Judges: Peters
Filed Date: 9/24/1872
Status: Precedential
Modified Date: 11/9/2024
Opinion by
The writing sued on, bearing date the 1st dajf of October, 1856, purports to have been executed by James O. Hinde, Thomas H. Hinde and Robert Todd to Richard Southgate for three hundred and fifty dollars, due sixty days from date, with interest at the rate of ten per cent, per annum from date.
The suit was brought on the 14th of January, 1871, by the executors of the payee of the note against the personal representatives of Todd alone.
The answer in- three separate paragraphs presents three defenses to bar the action. 1st. That Todd was only the surety of his co-obligor, James O. Hinde, and that more than seven years having elapsed after the maturity of the note before any action was brought against him or his personal representatives, the same was barred. 2d. That Southgate, in his lifetime, had agreed with Hinde, the principal, without the consent or knowledge of Todd to extend the time of payment of .said note after its maturity, and did actually postpone the time of payment for a valuable consideration, whereby he, Todd, as surety, was discharged from any legal obligation to pay the debt.
And 3d. Payment of the debt.
This last paragraph of the answer was, however, discontinued.
To sustain their defense the appellants took the deposition of James O. Hinde, to which appellees excepted, their exceptions were sustained, and the deposition suppressed, and appellants offering no other evidence, judgment was rendered against them for the amount claimed and they -have appealed.

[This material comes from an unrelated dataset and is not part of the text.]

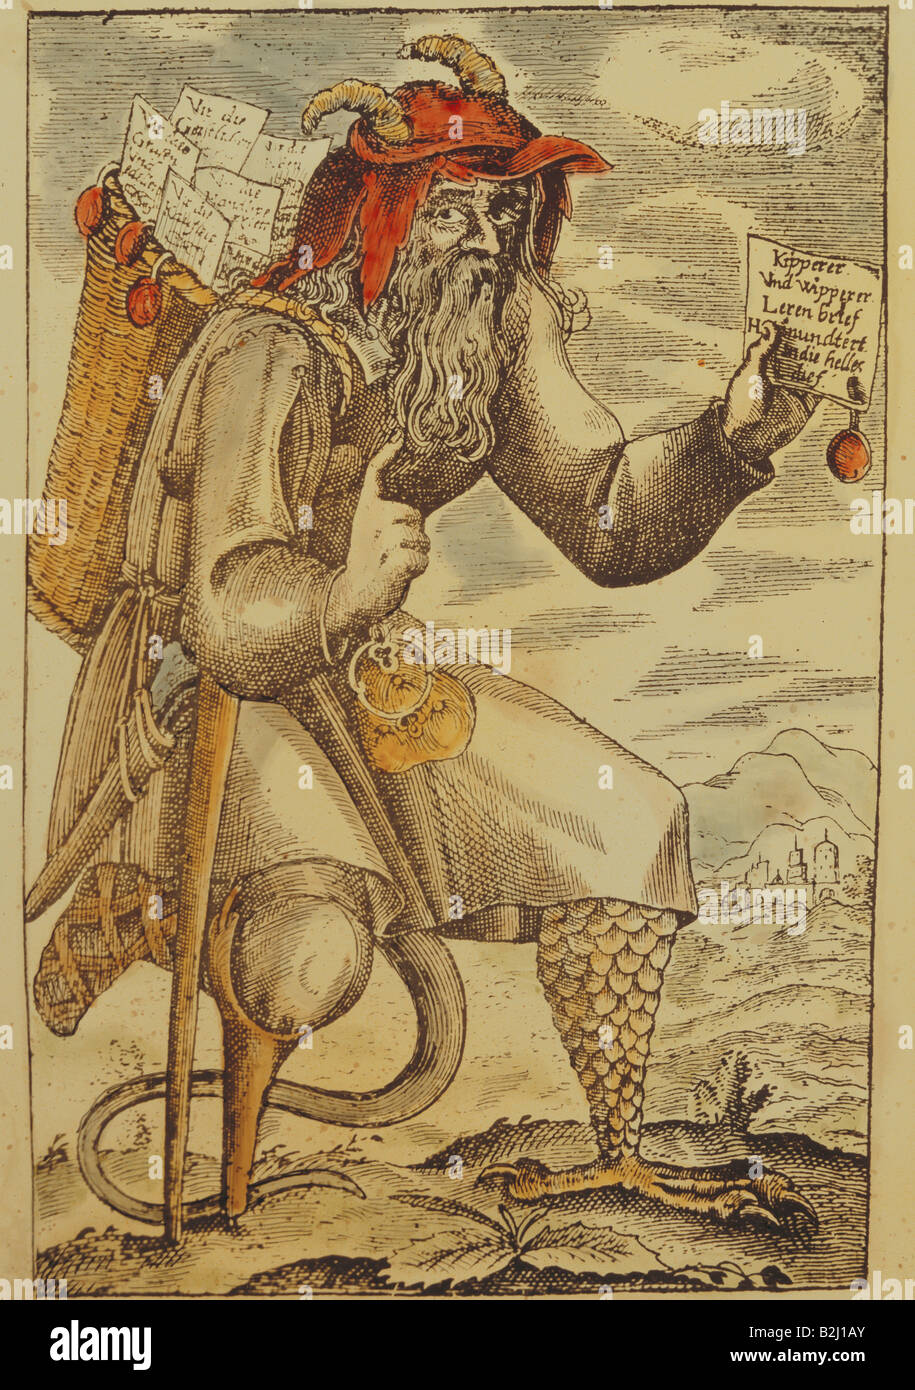 Geld/Finanzen, Fälschung, "Kipperer und Wipperer" (Kipper und see-saw Zeit), Kupferstich, farbig, Deutschland, ca. 1620, Artist's Urheberrecht nicht gelöscht werden Stockfoto

From the foregoing statement it is obvious that the only question of importance involved in the appeal is whether the court below erred in suppressing the deposition of Hinde which certainly conduced to sustain the defense.
In Todd v. Luckett, 18 B. Mon. 125, this court said, as a general rule, a witness must have a direct and certain interest in the result of the suit to render him incompetent. If he is neither to gain nor lose by the result, and the verdict cannot be used as evidence in his favor, he is competent; a contingent, doubtful interest goes only to his credibility.
In this case James O. Hinde was not even a party to the record, and certainly was not interested in the issue in behalf of himself. The verdict and judgment rendered in the case could not have been used as evidence in his favor and whether appellants succeeded or not, his liability could not be dismissed, for if they succeeded he would still be bound for the debt to South-gate’s representatives, and if they failed and had the debt to pay he would be responsible to them for the amount; so that in any event his interest was equipoised.
Craig, etc., v. Hudson’s Admr., M. S. S. opinion; at the present term.
The court below, therefore, erred in sustaining the exception to and excluding the deposition of Hinde. Wherefore, the judgment is reversed, and the cause is remanded for a new trial and for further proceedings herewith.